LS is typically labeled for application at “15-20 gallons per acre in sufficient water for coverage” (Miller Liquid Lime Sulfur). That is a very high amount of LS, and would be difficult to apply and very costly when applied to large acreages. The key is to fully soak all woody tissues in the vineyard. This may mean aiming all nozzles at the cordons, but that would leave the trunks uncovered. Alternatively, the sprayer could be operated to cover the whole zone from the fruiting wore down, which would waster a tremendous amount of spray. The best application may come from a careful handgun application, which will take a long time and should be done with full protective gear including heavy nitrile gloves, full face shield and respirator, and Tyvek or other chemical-resistant, disposable coveralls. It is hard to say how much you would apply per acre in a directed spray, since that would be much more efficient with less wasted spray than an airblast application. My suggestion would be to apply a 10% solution (1 gallon LS to 9 gallons water) by handgun to cordons and trunks in a very thorough soaking spray. If you need to use an airblast to cover more ground, I would concentrate my nozzles toward the cordons but leave one or two directed toward the trunks, that will waste spray between vines but will allow you to cover ground much quicker. Because of the reduction in efficiency, I would calibrate to apply ten gallons of LS per acre in at least fifty gallons of water.

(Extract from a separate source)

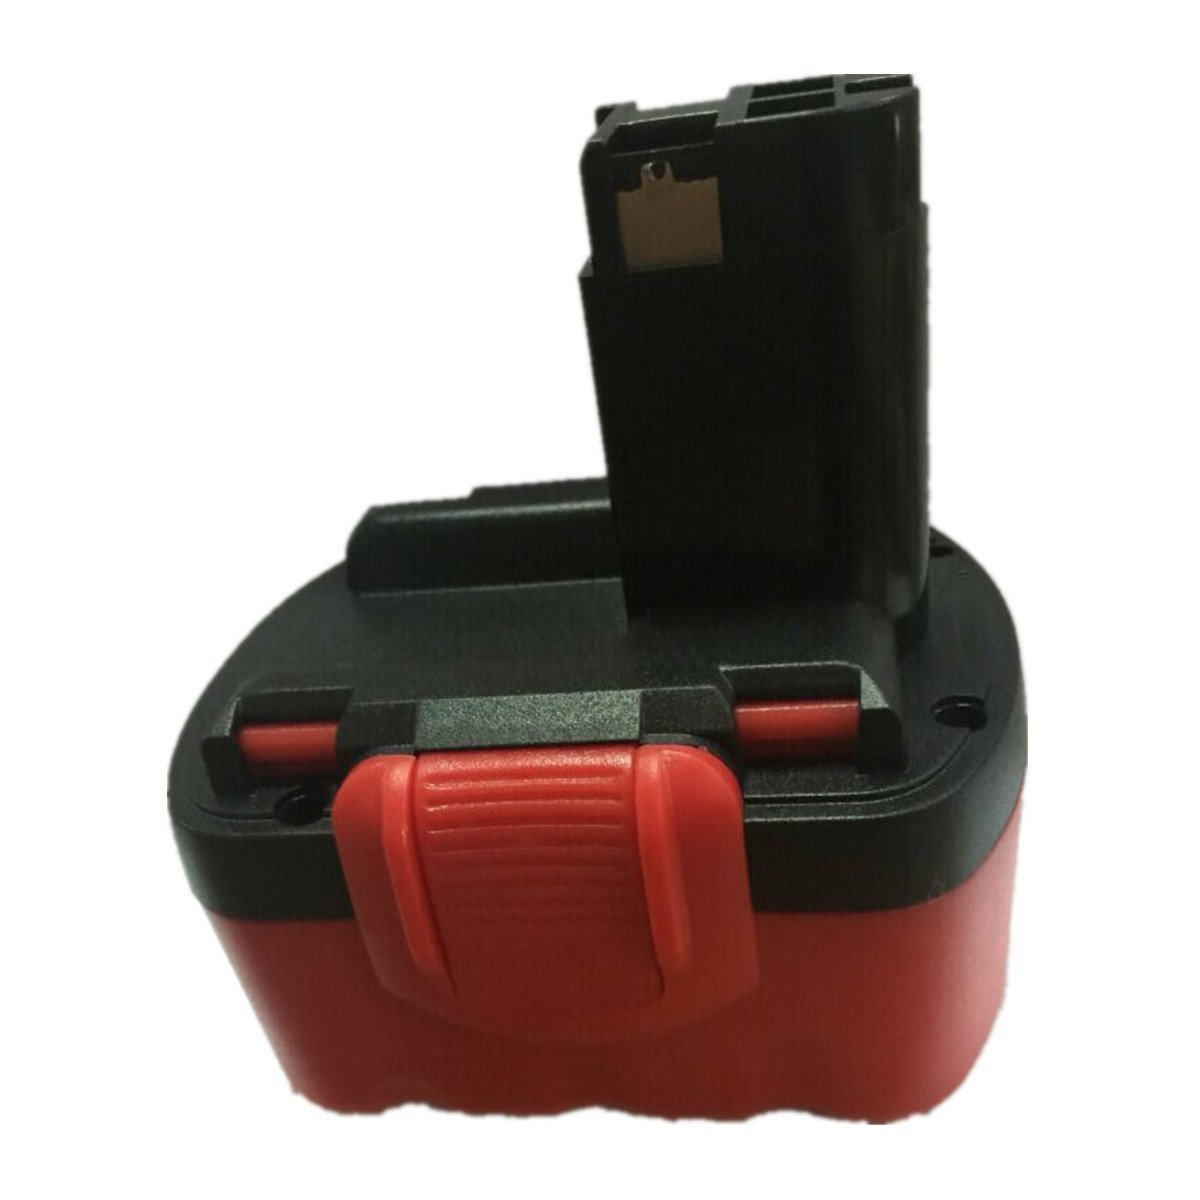 ZTHY 1500mAh power tool battery for Bosch 2 607 335 534 BAT038 BAT140 BAT159 BAT040 BAT041 GDR GDS 14.4V Cordless Drill

Remember, this stuff is caustic, stinky, and degrades just about everything it touches. It’s also quite phytotoxic- application at these rates to vines after bud break will cause leaf damage if not outright defoliation. I have used a lot of LS during the growing season in organic apple production, and don’t recommend it there unless absolutely necessary. I do not have experience using it in-season (post-bud break) on grapes, so this recommended spray must be applied during the window between pruning and bud break. The spray, if left on tractors and in sprayer plumbing, will corrode hoses, gaskets, and even stainless steel. It must be thoroughly rinsed from sprayer systems and the rinsate applied back out in the vineyard, not dumped on the ground. Some growers have applied a film of vegetable oil via backpack prayer to tractors and sprayers before an LS application to prevent it from soaking into and corroding steel and other materials on equipment. It’s that bad, and I could show you sprayer hitches, mix screens, and ceramic nozzles that have been degraded by it.

With all that said, LS is extremely effective as a preventative practice to reduce disease inoculum, and I still recommend its use in vineyards where anthracnose and/or phomopsis have gotten a bit out of control. Just be careful out there and treat it with the same (and a little more) respect that you should retreat any pesticide.